God. God. Is there a sorrow greater where shall I find harbor in this world? My voice is hurled far on a dark wind. What has god done to me?

-Oedipus

Oedipus is the tragedy that he creates for himself. I think that his story was so horrible because he was a noble man, and did not deserve the fate put upon him by kadmos. The prophecy was terrible, not Oedipus, his only flaw was his ignorance, and for that he paid dearly. Some may say that Oedipus was cowardly in trying to avoid his own destiny, running away from his family and When faced with such a devastating truth trying desperately to avoid coming to terms with it. I wouldn t blame anyone for this. Although it wasn t the noblest thing to do, it was human and understandable. Noble king that he may have been and great in many ways, was stripped of his good name not because of anything that he did intentionally, but merely another puppet of the Greek gods. The pain of knowing that the woman he loved was his mother, the man he slaughtered his father, the destiny he tried so hard to avoid caught up with him, was too much to bear and is a great tragedy. And when he does face his guilt and shame of the prophecy he takes it with full ownership and never tries to make excuses for himself. I don t think that too many people could have that kind of courage. Most of us would place the blame on whomever we could to try and save pride and dignity, but not Oedipus his integrity was truly honorable, and when he gauged out his eyes and walked blinded in exile from what was once his kingdom was when I saw him as a hero and as a man. Oedipus had good intentions but unavoidable truth, which is what makes this story so tragic.

Aristotle:

The change of fortune presented must not be the spectacle of a virtuous man brought from prosperity to adversity, for this moves neither pity nor fear: it merely shocks us.
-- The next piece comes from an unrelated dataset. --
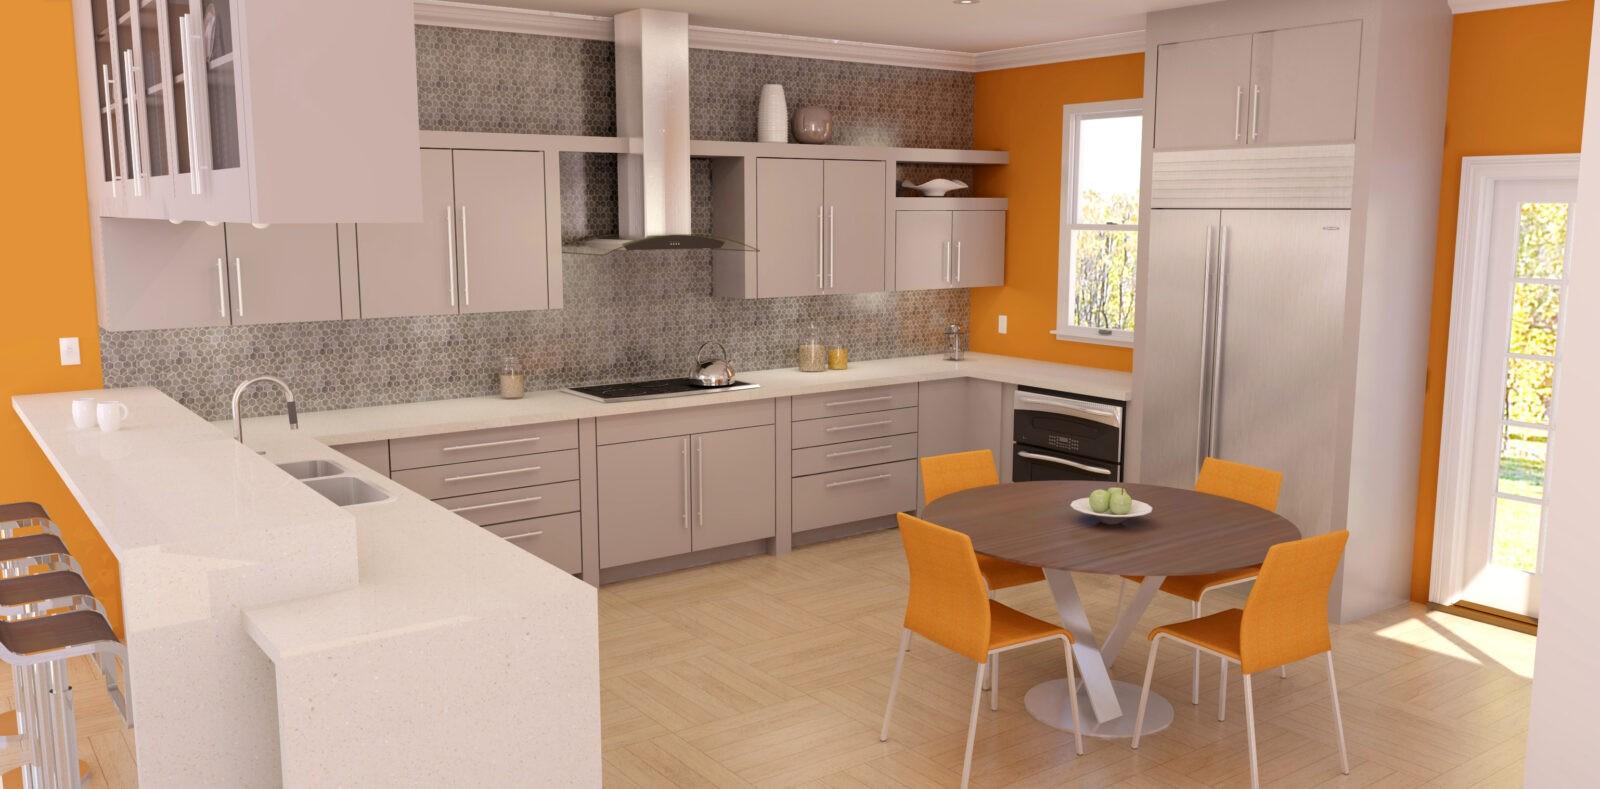 Top Kitchen Cabinet Design Trends for 2016 - Granite ...

Nor, again, that of a bad man passing from adversity to prosperity, for nothing can be more allen to the moral sense nor calls forth pity or fear. Nor, again, should the downfall of the utter villain be exhibited. A plot of this kind would, doubtless, satisfy the moral sense, but it would inspire neither pity nor fear, for pity is aroused by unmerited misfortune There remains, then, the character between these two extremes-that of a man who is eminently good and just. Yet whose misfortune is brought about not by vice or depravity by some error or frailty.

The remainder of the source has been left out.